# TopSBM: Topic Modeling with Stochastic Block Models

In [None]:
%load_ext autoreload
%autoreload 2

import os
import pylab as plt
%matplotlib inline  

from sbmtm import sbmtm
import graph_tool.all as gt

from matplotlib import pyplot as plt

# Fitting the model

In [None]:
## we create an instance of the sbmtm-class
model = sbmtm()

## we have to create the word-document network from the corpus
#model.make_graph(texts,documents=titles)

In [None]:
## we can also skip the previous step by saving/loading a graph
#model.save_graph(filename = 'graph.xml.gz')
model.load_graph(filename = 'graph.xml.gz')

In [None]:
## fit the model
gt.seed_rng(32) ## seed for graph-tool's random number generator --> same results
model.fit()

# Plotting the result

The output shows the (hierarchical) community structure in the word-document network as inferred by the stochastic block model:

- document-nodes are on the left
- word-nodes are on the right
- different colors correspond to the different groups

The result is a grouping of nodes into groups on multiple levels in the hierarchy:

- on the uppermost level, each node belongs to the same group (square in the middle)
- on the next-lower level, we split the network into two groups: the word-nodes and the document-nodes (blue sqaures to the left and right, respectively). This is a trivial structure due to the bipartite character of the network.
- only next lower levels constitute a non-trivial structure: We now further divide nodes into smaller groups (document-nodes into document-groups on the left and word-nodes into word-groups on the right)

In [None]:
model.plot(nedges=1000)

In [None]:
model.plot("bipartitehSBM.pdf", nedges=1000)

# The basics

## Topics
For each word-group on a given level in the hierarchy, we retrieve the $n$ most common words in each group -- these are the topics!


In [None]:
model.topics(l=1,n=20)

## Topic-distribution in each document
Which topics contribute to each document?

In [None]:
## select a document (by its index)
i_doc = 0
print(model.documents[i_doc])
## get a list of tuples (topic-index, probability)
model.topicdist(i_doc,l=1)

# Extra: Clustering of documents - for free.
The stochastic block models clusters the documents into groups.
We do not need to run an additional clustering to obtain this grouping.


In [None]:
model.clusters(l=1,n=5)

Application -- Finding similar articles:

For a query-article, we return all articles from the same group

In [None]:
## select a document (index)
i_doc = 2
print(i_doc,model.documents[i_doc])
## find all articles from the same group
## print: (doc-index, doc-title)
model.clusters_query(i_doc,l=1,)

# More technical: Group membership
In the stochastic block model, word (-nodes) and document (-nodes) are clustered into different groups.

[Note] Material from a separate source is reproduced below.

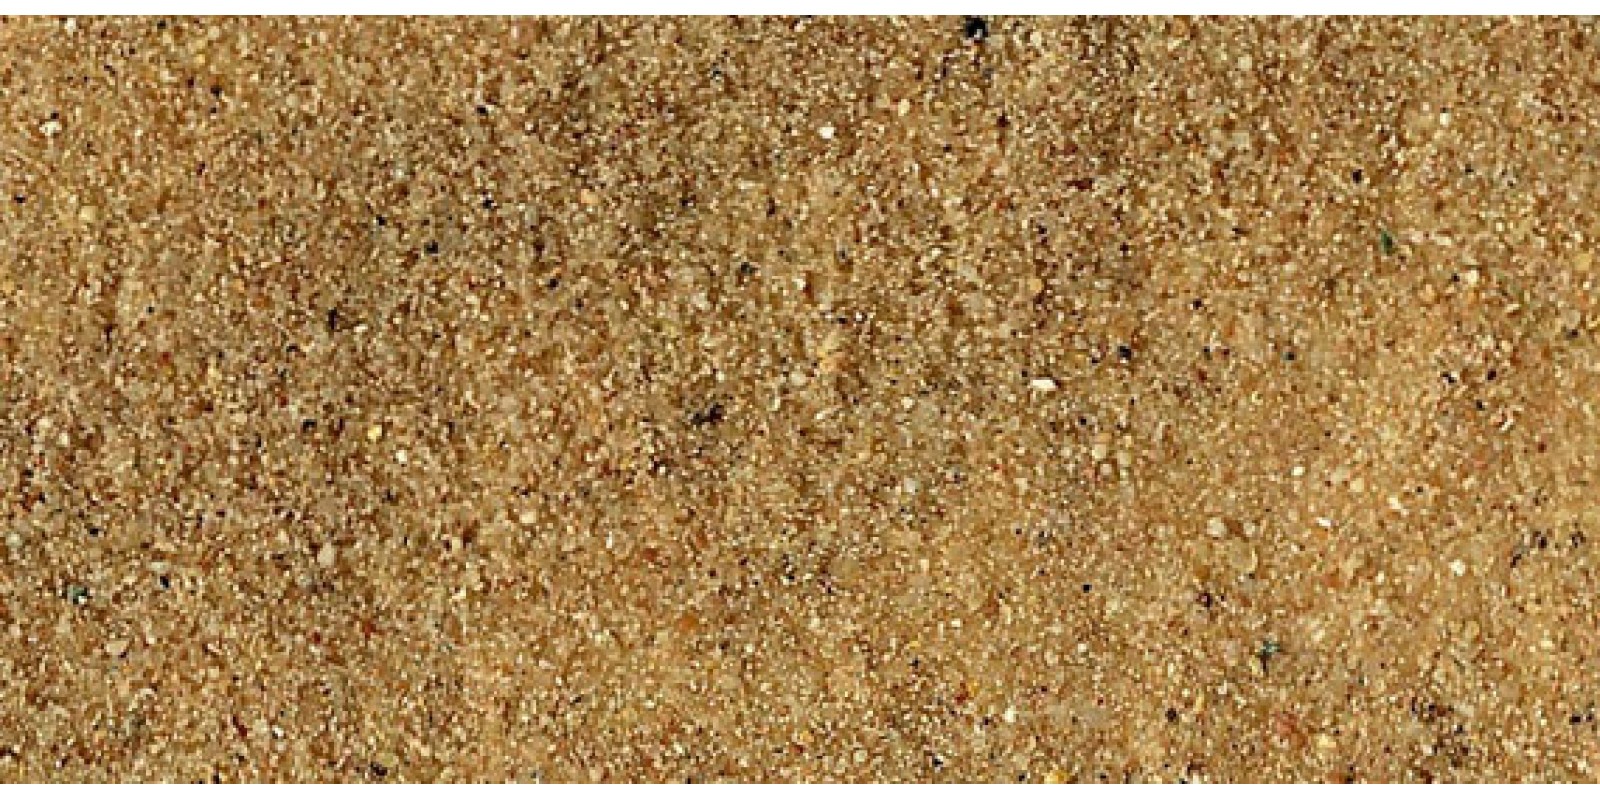 HE3322 Deko-Sand silber

The group membership can be represented by the conditional probability $P(\text{group}\, |\, \text{node})$. Since words and documents belong to different groups (the word-document network is bipartite) we can show separately:

- P(bd | d), the probability of document $d$ to belong to document group $bd$
- P(bw | w), the probability of word $w$ to belong to word group $bw$.

In [None]:
p_td_d,p_tw_w = model.group_membership(l=7)
fig = plt.figure(figsize=(15,4))
plt.subplot(121)
plt.imshow(p_td_d,origin='lower',aspect='auto',interpolation='none')
plt.title(r'Document group membership $P(bd | d)$')
plt.xlabel('Document d (index)')
plt.ylabel('Document group, bd')
plt.colorbar()

plt.subplot(122)
plt.imshow(p_tw_w,origin='lower',aspect='auto',interpolation='none')
plt.title(r'Word group membership $P(bw | w)$')
plt.xlabel('Word w (index)')
plt.ylabel('Word group, bw')
plt.colorbar()
plt.show()

In [None]:
fig.savefig("group_membership.pdf")

# state analysis

In [None]:
state = model.state

In [None]:
level = state.get_levels()[0]

In [None]:
level.get_blocks()[4]

In [None]:
e=level.get_matrix()
plt.matshow(e.todense())

In [None]:
model.print_topics(l=6)

In [None]:
state.print_summary()

In [None]:
groups = model.groups[3]

In [None]:
np.sum(groups['p_tw_d'],axis=0)

In [None]:
groups['p_tw_d']

In [None]:
groups

In [None]:
groups = model.groups[6]

### topicdist

In [None]:
p_w_tw = groups['p_w_tw']
fig=plt.figure()
plt.imshow(p_w_tw,origin='lower',aspect='auto',interpolation='none')
plt.title(r'Word group membership $P(w | tw)$')
plt.xlabel('Topic, tw')
plt.ylabel('Word w (index)')
plt.colorbar()
fig.savefig("p_w_tw.png")

In [None]:
p_tw_d = groups['p_tw_d']
fig=plt.figure()
plt.imshow(p_tw_d,origin='lower',aspect='auto',interpolation='none')
plt.title(r'Word group membership $P(tw | d)$')
plt.xlabel('Document (index)')
plt.ylabel('Topic, tw')
plt.colorbar()
fig.savefig("p_tw_d.png")